## Input data
■ ■ ■ ■ ■ ■ ■

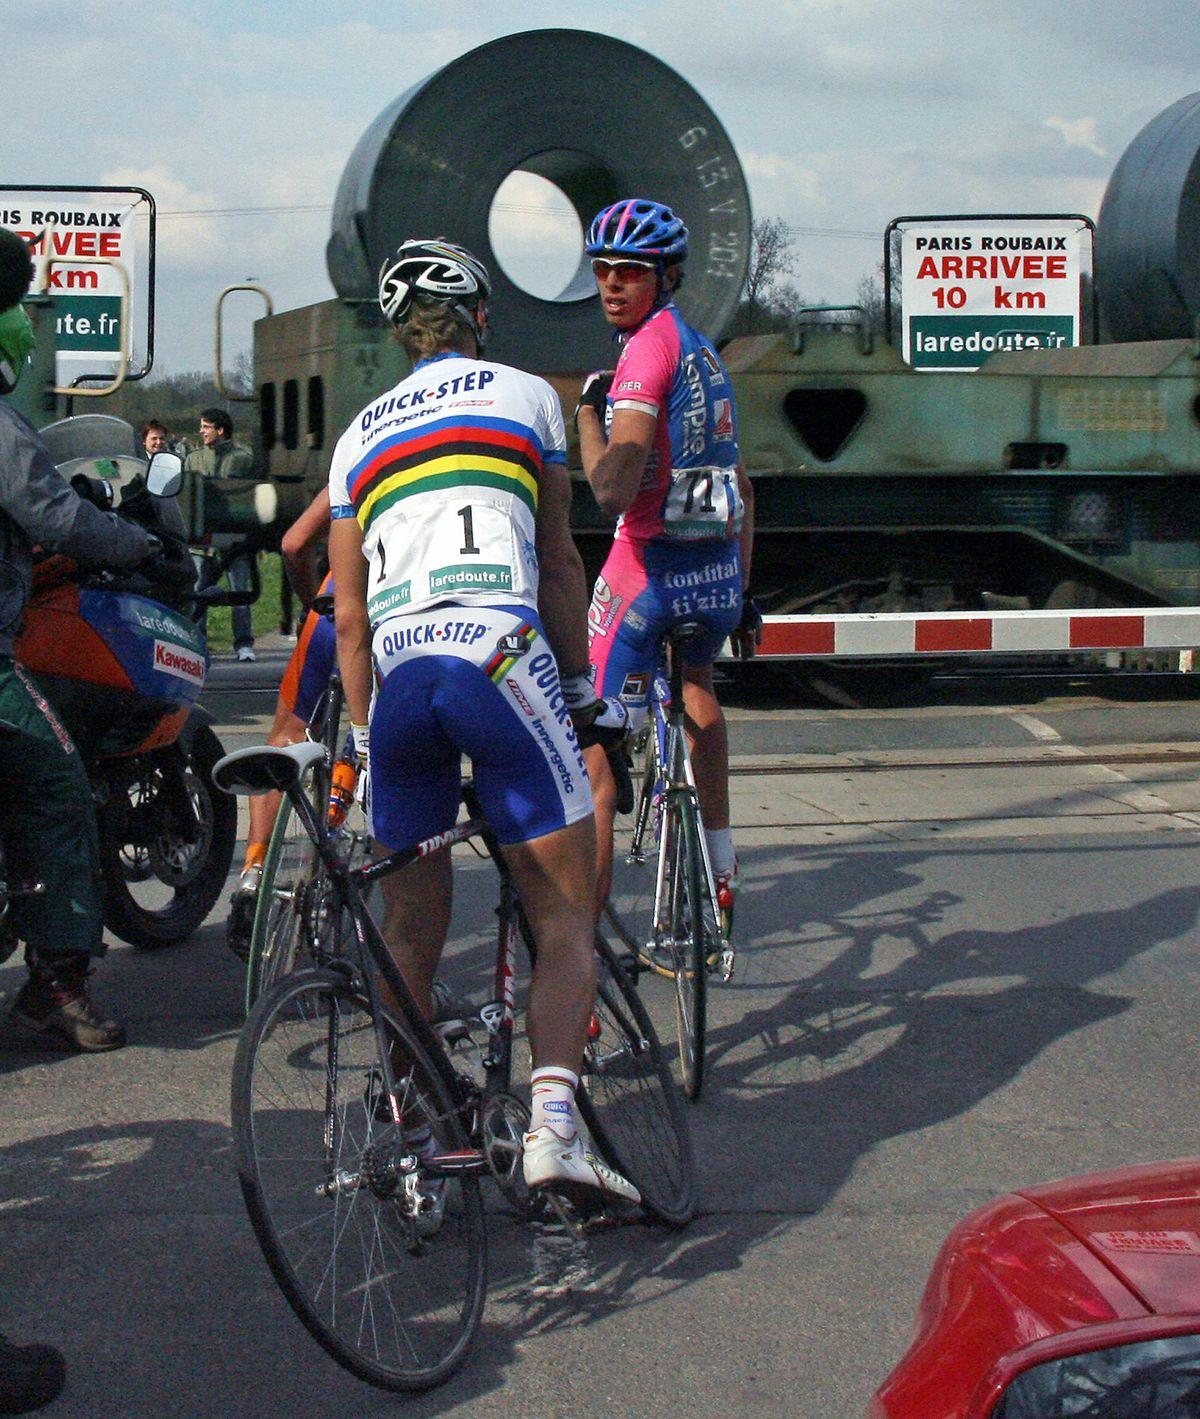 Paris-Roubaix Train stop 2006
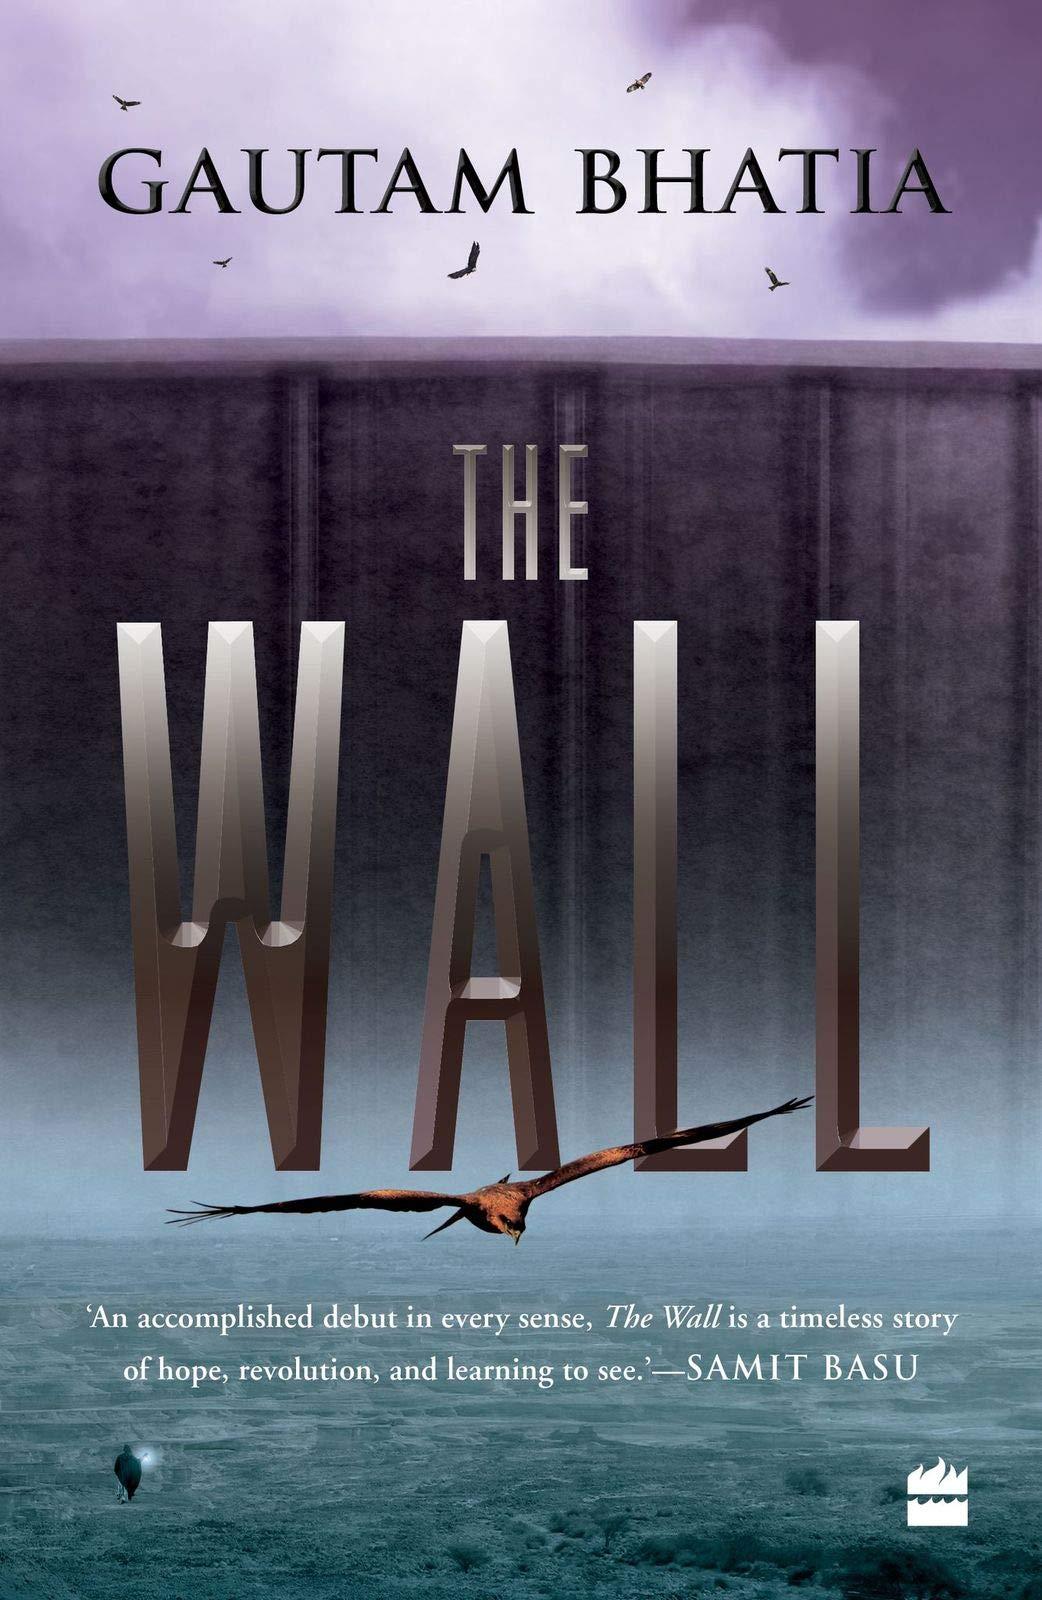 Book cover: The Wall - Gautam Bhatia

■ ■ ■ ■ ■ ■ ■

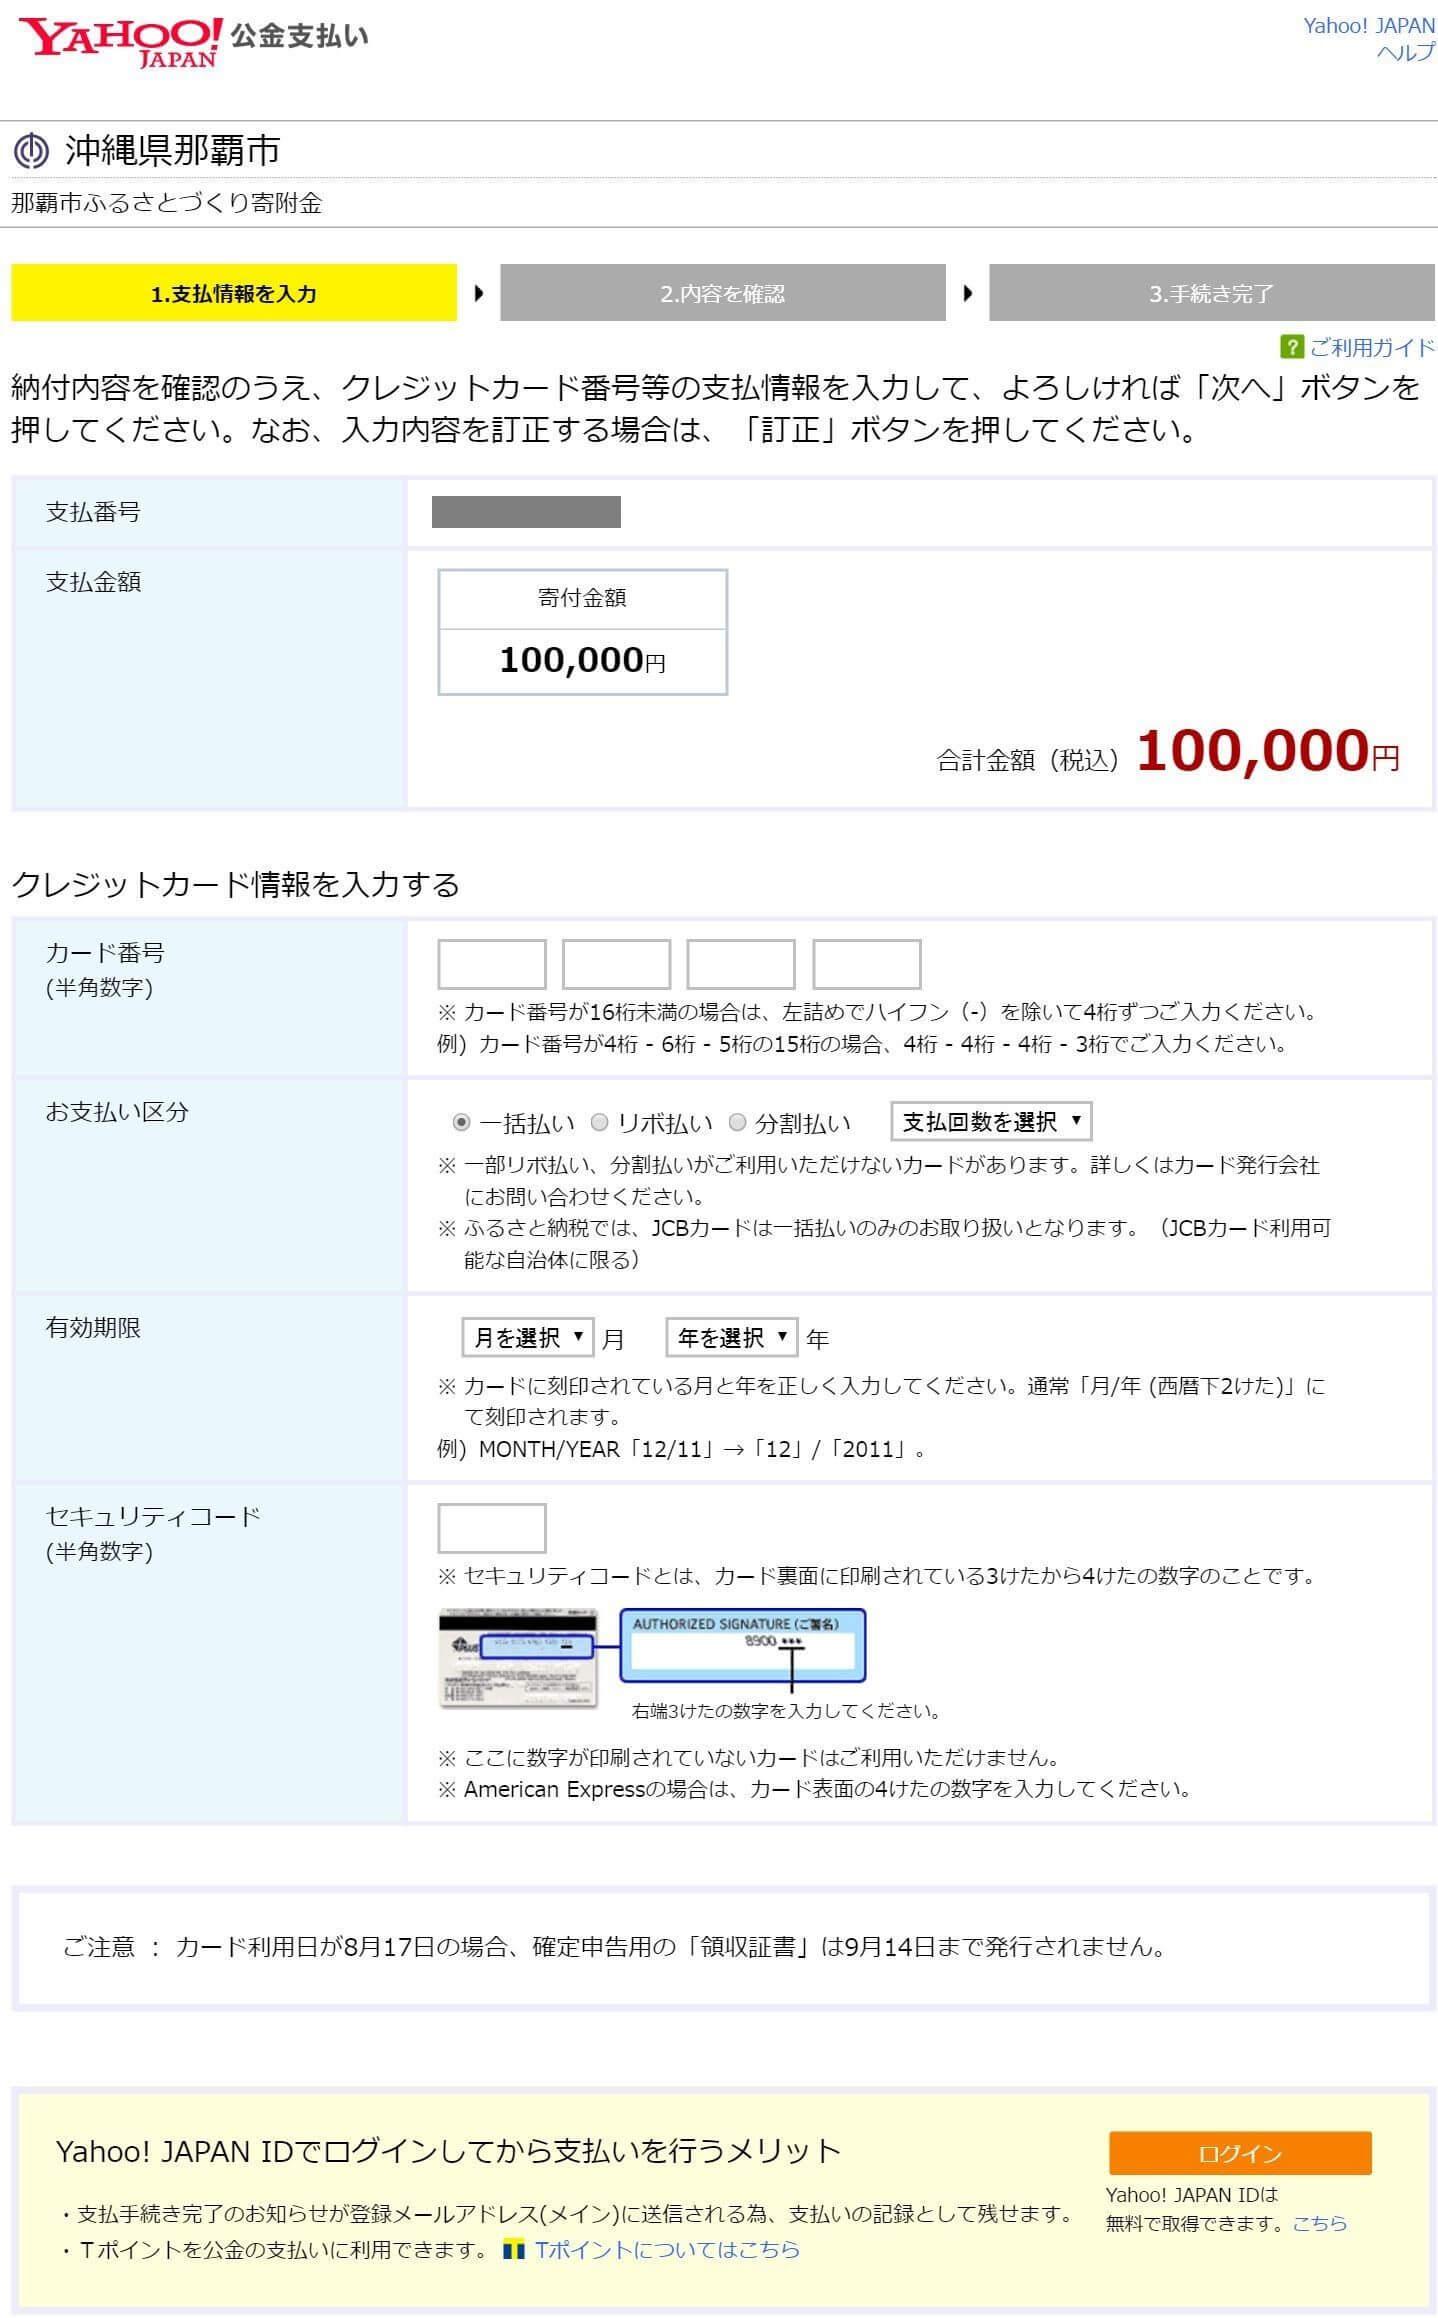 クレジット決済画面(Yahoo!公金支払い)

■ ■ ■ ■ ■ ■ ■

Transcribe, exactly and without pictures, everything in the data from the line with "Paris-Roubaix Train stop 2006" down to the line with "Book cover: The Wall - Gautam Bhatia", both included.

## Answer to this problem
 Paris-Roubaix Train stop 2006
 Book cover: The Wall - Gautam Bhatia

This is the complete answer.